The second key point of the book explores the origins of exactly these sorts of powerful yet fallacious narratives – focusing in particular on narratives that emphasize the importance of price over profit. Christophers revisits the origins of ‘explanatory orthodoxy’ (101), tracing it back to reports commissioned by the United Kingdom (UK) government in the early 1990s. Initially, these reports depicted renewables as more expensive than existing fossil-fuel sources of electricity, which was seen as the reason why they were not yet competitive. A metric developed and popularized to assess the relative prices of different electricity generation sources was LCOE (for ‘levelized cost of electricity’), which became the ‘lingua franca for discussing the economics of the energy transition’ in the 2010s (101). Against this backdrop, the moment when renewables became relatively cheaper than fossil fuels, in the mid-2010s, justified the plea for a reduction in public support. However, as previously explained, the crux of the issue with renewables lies in their failure to be profitable and therefore ‘bankable’ in the first place, a factor for which LCOE is not a comprehensive measure. Nevertheless, Christophers suggests that ‘the relative-prices framing has a seductive logic to it; it ‘feels’ right, which is part of the reason why it enjoys such dominance’ (139).

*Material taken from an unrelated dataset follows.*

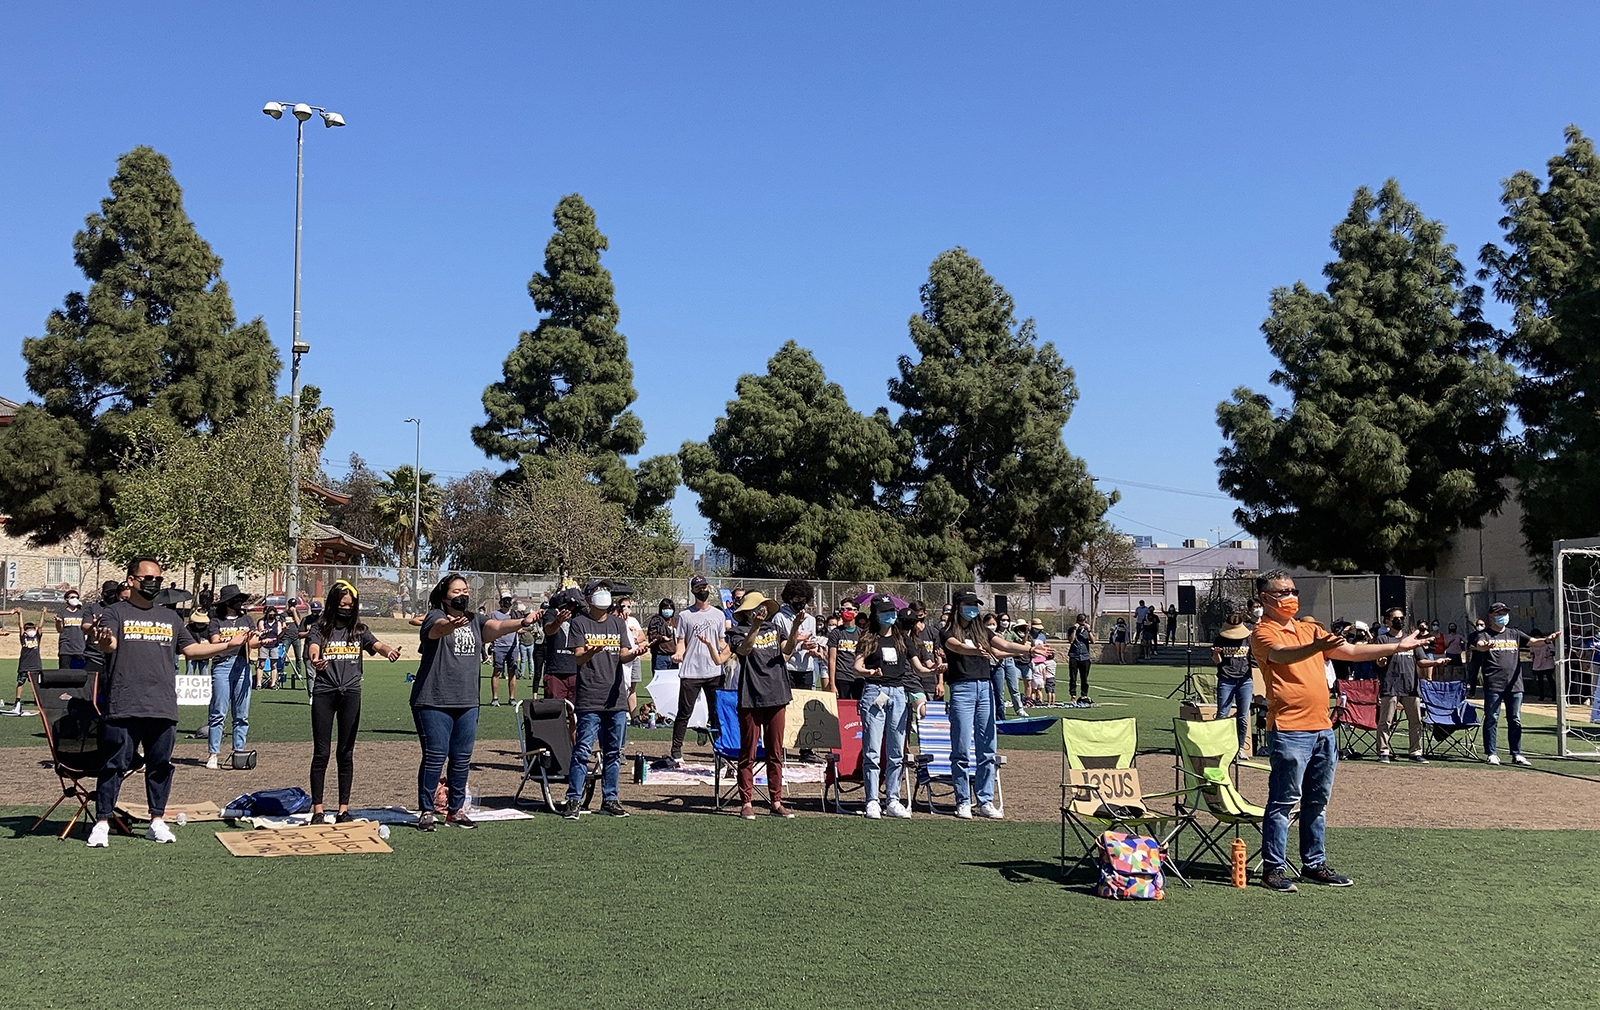 The Sunday, March 28, 2021, gathering at Seoul International Park in Los Angeles’ Koreatown resembled an outdoor church gathering with attendees sitting on lawn chairs and displaying signs that read “We Belong Here” and “Jesus Restores.” RNS photo by Alejandra Molina

The dominance of the price framing and its seductive logic extends far beyond the electricity transition and encompasses numerous environmental challenges. In this context, Christophers’ account falls short in providing sufficient insight into whether the emphasis on price in the electricity transition has evolved independently from similar solutions proposed for other environmental issues. I would conjecture that it has not. For instance, Christophers underscores the influence of Oxford economist and UK government advisor Dieter Helm in directing political and public discourse toward the low price of renewables, advocating for reduced state support and increased market mechanisms. However, this is not Helm’s sole contribution to political debates. During his tenure as Chair of the UK Natural Capital Committee, he also advocated for ‘putting a price on nature’ to address biodiversity loss (Helm, Reference Helm2015: 116), asserting that the market is the solution rather than the problem. My point here is that the pervasive focus on price and its policy implications in the specific context of the electricity transition is closely intertwined with a broader trend in environmental policy discourse. Further research could explore these links to better understand the political economy dynamics at play.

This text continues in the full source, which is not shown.